CFP May 27, 2022

Mobile Memories (Berlin, 10-11 Nov 22)

Berlin, Nov 10–11, 2022
Deadline: Jun 30, 2022

Anita Hosseini

Mobile Memories – Annual conference of the research group Bilderfahrzeuge. Aby Warburg’s Legacy and the Future of Iconology

Memories travel between locations, cultures, generations, groups, and migrate with people and objects. The processes of transmission or displacement of memories also mean their transformation according to social, political, personal or other dynamics. At the same time, memories are often addressed as ‘tradition’, as relatively stable points of reference in the self-definitions or identity constructions of groups or societies (bound to particular places and sites). Collective memory, which includes memory practices or agents, such as archives, museums and rituals, may be confronted with memory as the individual faculty to process, store and retrieve information.

This year’s conference of the research group »Bilderfahrzeuge. Aby Warburg’s Legacy and the Future of Iconology« entitled MOBILE MEMORIES and taking place in Berlin 10.-11. November 2022, will investigate objects and carriers, matter and media of memories in a transcultural perspective. Warburg’s Mnemosyne Atlas and his image-based concept of memory is an obvious point of reference, but also of critical concern. The reflection on Warburg’s Mnemosyne project leads on to other fields of enquiry, such as media and data transmission technologies. The latter are an essential factor for the mobility and travel of memories, while technologies are partly also driven by the need or the politics of transmission of memories. The conference seeks to discuss this in historical case studies as well as in relation to contemporary practices and methodologies in digital mediascapes.

Under these premises, the interplay of memory, motion, aesthetics and transcultural dynamics is an important field for the investigation of concepts such as 'heritage' and 'provenance' or of constellations of translocated artifacts and global memory spaces. We conceive this as an invitation to art history and related disciplines to newly engage in and contribute to memory studies, with a focus on pictorial and artistic discourses.

For a detailed description of the four sections 1. Memory: Warburg and beyond, 2. Carriers of Memory, 3. (Re-)Mediation Processes and 4. Rupture and Interaction please

1. Section: Memory: Warburg and beyond
Aby Warburg’s notion of social memory regarded artworks and images as repositories or agents of historical dynamics. Traces of earlier image practices can ‘survive’ in others of later times, concerned with the movement of bodies, gestures and expressions. The aim of this section is not merely to discuss the migration of iconic formulas across time and space, but rather asking for the role of emotions and their expression in constructing memories by or for people and societies. How do commemorative practices serve for informing the cultural memory of people and communities? What role does memory and its media play in the transhistorical and transcultural shaping and transformation of collective identities?

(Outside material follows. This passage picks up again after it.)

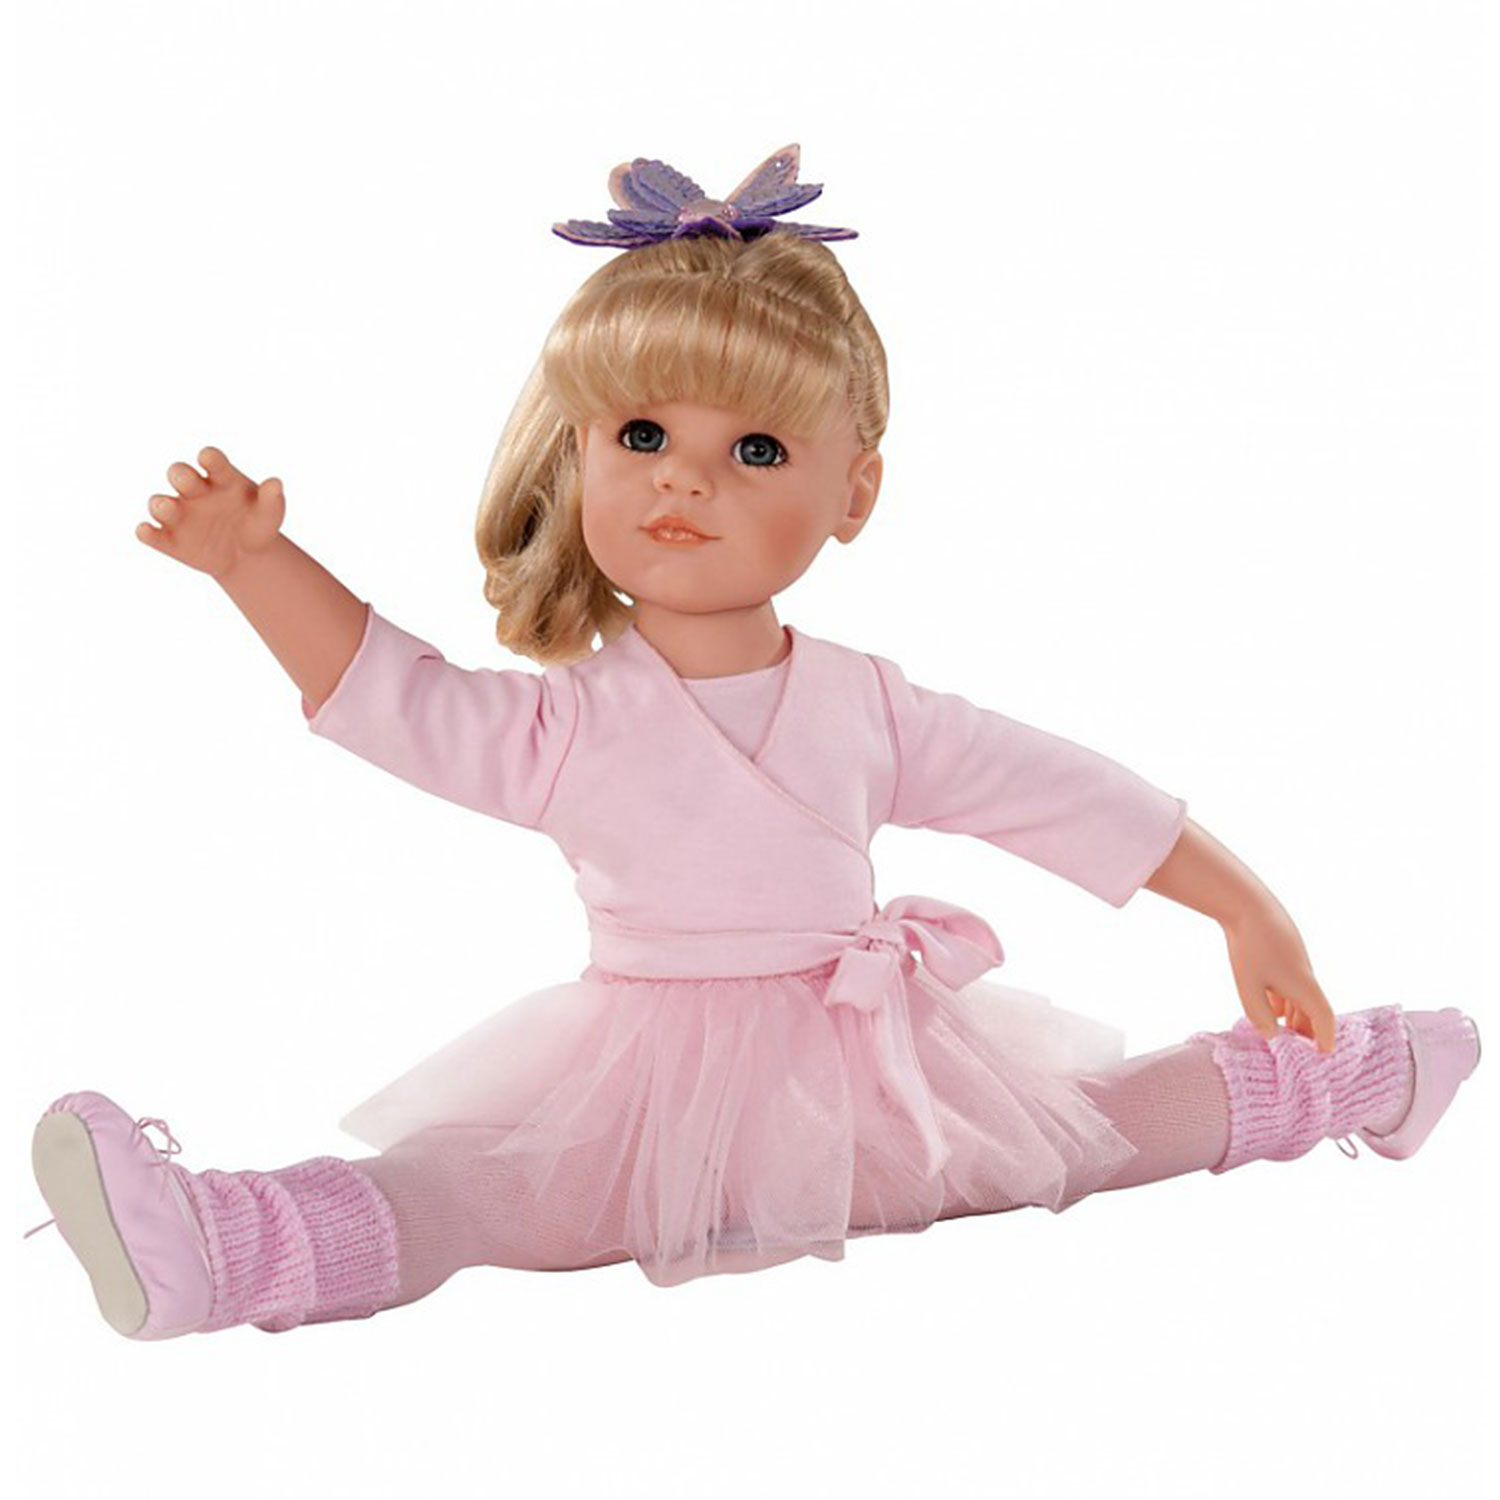 Купить хорошую куклу. Кукла Gotz Ханна балерина, 50 см. Кукла Готц Ханна. Кукла Готц Ханна балерина. Куклы Gotz балерины.

2. Section: Carriers of Memory
This section focuses on transcultural dynamics and interplays between memory and migration of images and objects, as well as on their reciprocal negotiations. Here ‘carrier’ is understood in broad terms and as such encompasses artifacts, artworks, collections, archival material, but also people, communities and traditions. Through specific case studies, it explores the heuristic potential of alternative and/or indigenous theories and practices relevant for a dialogue across disciplines and redefinition of multiple (mobile) forms of memory. In which ways do memory and its carriers act (as flow/containment or ephemeral/lasting) and give each other form?

3. Section: (Re)mediation processes
This section focuses on diverse processes and practices between matter and media through which memory is constituted, mediated and transformed. It is interested in how media facilitate and mediate the transcultural travel of memories, and how the memories in turn changed the way the past is transmitted in that process. What is the interplay (connection, reflection and tension) between digital and nondigital media, how do online and offline memoriescorrespond and reflect on each other and, by their different materialities, have they shaped a new mnemonic reality?

4. Section: Rupture and Interaction
This section is focused on interventions and alternative forms of producing, revising, and ordering of forms and objects of memory and knowledge. We would like to invite contributions exploring archives, art works, political and digital activism, collections and exhibitions which produce counter archives in their own ways of representation and communication. We would like to open up the discussion towards non-western practices of memorialization, representation and communication. In this section memory, history and heritage are confronted and situated within art and its institutions. Through which interventions (e.g., hacking or establishing counter archives) are existing settings, archives, collections and narratives being challenged?

The proposals (to be submitted in English) should be assigned to a particular section and should include a title and a short abstract (max. 300 words) of a 30-minute presentation. Additionally, please include a short biography (max. 200 words).

Please send your proposal to mome2022.bfzgmail.com by 30th June 2022.

For further information please go to: https://bilderfahrzeuge.hypotheses.org/5889

This conference is organized by the members of the sub group Global Bilderfahrzeuge/Mobile Memory, Dipanwita Donde (New Delhi), Anita Hosseini (London), Sanja Savkic Sebek (Berlin), Gerhard Wolf (Florence) and Ning Yao (Berlin).